** Instructions to follow **
An exact, complete copy of the data that follows is needed.

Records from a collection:
=== Begin Enclosure ===

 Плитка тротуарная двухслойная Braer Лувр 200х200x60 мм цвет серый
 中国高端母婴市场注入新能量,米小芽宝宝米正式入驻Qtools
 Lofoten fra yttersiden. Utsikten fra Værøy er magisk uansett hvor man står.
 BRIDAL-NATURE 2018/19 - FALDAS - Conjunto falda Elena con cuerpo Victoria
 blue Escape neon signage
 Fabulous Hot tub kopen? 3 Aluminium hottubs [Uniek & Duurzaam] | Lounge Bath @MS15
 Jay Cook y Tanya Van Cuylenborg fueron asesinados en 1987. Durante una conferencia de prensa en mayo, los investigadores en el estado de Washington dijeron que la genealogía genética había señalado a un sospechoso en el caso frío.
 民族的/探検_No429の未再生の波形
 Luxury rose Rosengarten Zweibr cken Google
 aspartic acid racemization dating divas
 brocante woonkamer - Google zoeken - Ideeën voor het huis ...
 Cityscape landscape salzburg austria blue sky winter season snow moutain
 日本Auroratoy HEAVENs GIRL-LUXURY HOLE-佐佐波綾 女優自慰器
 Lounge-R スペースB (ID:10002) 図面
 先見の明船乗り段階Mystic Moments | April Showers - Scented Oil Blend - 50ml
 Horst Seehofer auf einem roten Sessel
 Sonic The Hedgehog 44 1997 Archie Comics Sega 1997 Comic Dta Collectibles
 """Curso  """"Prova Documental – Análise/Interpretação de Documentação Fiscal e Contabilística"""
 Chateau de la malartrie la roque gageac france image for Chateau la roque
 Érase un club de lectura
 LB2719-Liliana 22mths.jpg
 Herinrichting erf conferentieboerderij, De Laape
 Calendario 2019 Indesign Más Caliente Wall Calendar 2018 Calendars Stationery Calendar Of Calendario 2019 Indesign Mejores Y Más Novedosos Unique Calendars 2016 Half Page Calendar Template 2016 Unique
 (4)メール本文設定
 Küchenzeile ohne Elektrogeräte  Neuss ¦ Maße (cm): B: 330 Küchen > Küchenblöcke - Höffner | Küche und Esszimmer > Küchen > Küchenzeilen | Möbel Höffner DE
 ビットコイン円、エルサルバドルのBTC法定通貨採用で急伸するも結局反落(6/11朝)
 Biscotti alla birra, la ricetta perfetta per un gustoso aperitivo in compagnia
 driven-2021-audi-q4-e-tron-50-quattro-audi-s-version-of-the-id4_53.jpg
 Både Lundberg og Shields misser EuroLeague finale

=== End Enclosure ===

** Result of the task **
 Плитка тротуарная двухслойная Braer Лувр 200х200x60 мм цвет серый
 中国高端母婴市场注入新能量,米小芽宝宝米正式入驻Qtools
 Lofoten fra yttersiden. Utsikten fra Værøy er magisk uansett hvor man står.
 BRIDAL-NATURE 2018/19 - FALDAS - Conjunto falda Elena con cuerpo Victoria
 blue Escape neon signage
 Fabulous Hot tub kopen? 3 Aluminium hottubs [Uniek & Duurzaam] | Lounge Bath @MS15
 Jay Cook y Tanya Van Cuylenborg fueron asesinados en 1987. Durante una conferencia de prensa en mayo, los investigadores en el estado de Washington dijeron que la genealogía genética había señalado a un sospechoso en el caso frío.
 民族的/探検_No429の未再生の波形
 Luxury rose Rosengarten Zweibr cken Google
 aspartic acid racemization dating divas
 brocante woonkamer - Google zoeken - Ideeën voor het huis ...
 Cityscape landscape salzburg austria blue sky winter season snow moutain
 日本Auroratoy HEAVENs GIRL-LUXURY HOLE-佐佐波綾 女優自慰器
 Lounge-R スペースB (ID:10002) 図面
 先見の明船乗り段階Mystic Moments | April Showers - Scented Oil Blend - 50ml
 Horst Seehofer auf einem roten Sessel
 Sonic The Hedgehog 44 1997 Archie Comics Sega 1997 Comic Dta Collectibles
 """Curso  """"Prova Documental – Análise/Interpretação de Documentação Fiscal e Contabilística"""
 Chateau de la malartrie la roque gageac france image for Chateau la roque
 Érase un club de lectura
 LB2719-Liliana 22mths.jpg
 Herinrichting erf conferentieboerderij, De Laape
 Calendario 2019 Indesign Más Caliente Wall Calendar 2018 Calendars Stationery Calendar Of Calendario 2019 Indesign Mejores Y Más Novedosos Unique Calendars 2016 Half Page Calendar Template 2016 Unique
 (4)メール本文設定
 Küchenzeile ohne Elektrogeräte  Neuss ¦ Maße (cm): B: 330 Küchen > Küchenblöcke - Höffner | Küche und Esszimmer > Küchen > Küchenzeilen | Möbel Höffner DE
 ビットコイン円、エルサルバドルのBTC法定通貨採用で急伸するも結局反落(6/11朝)
 Biscotti alla birra, la ricetta perfetta per un gustoso aperitivo in compagnia
 driven-2021-audi-q4-e-tron-50-quattro-audi-s-version-of-the-id4_53.jpg
 Både Lundberg og Shields misser EuroLeague finale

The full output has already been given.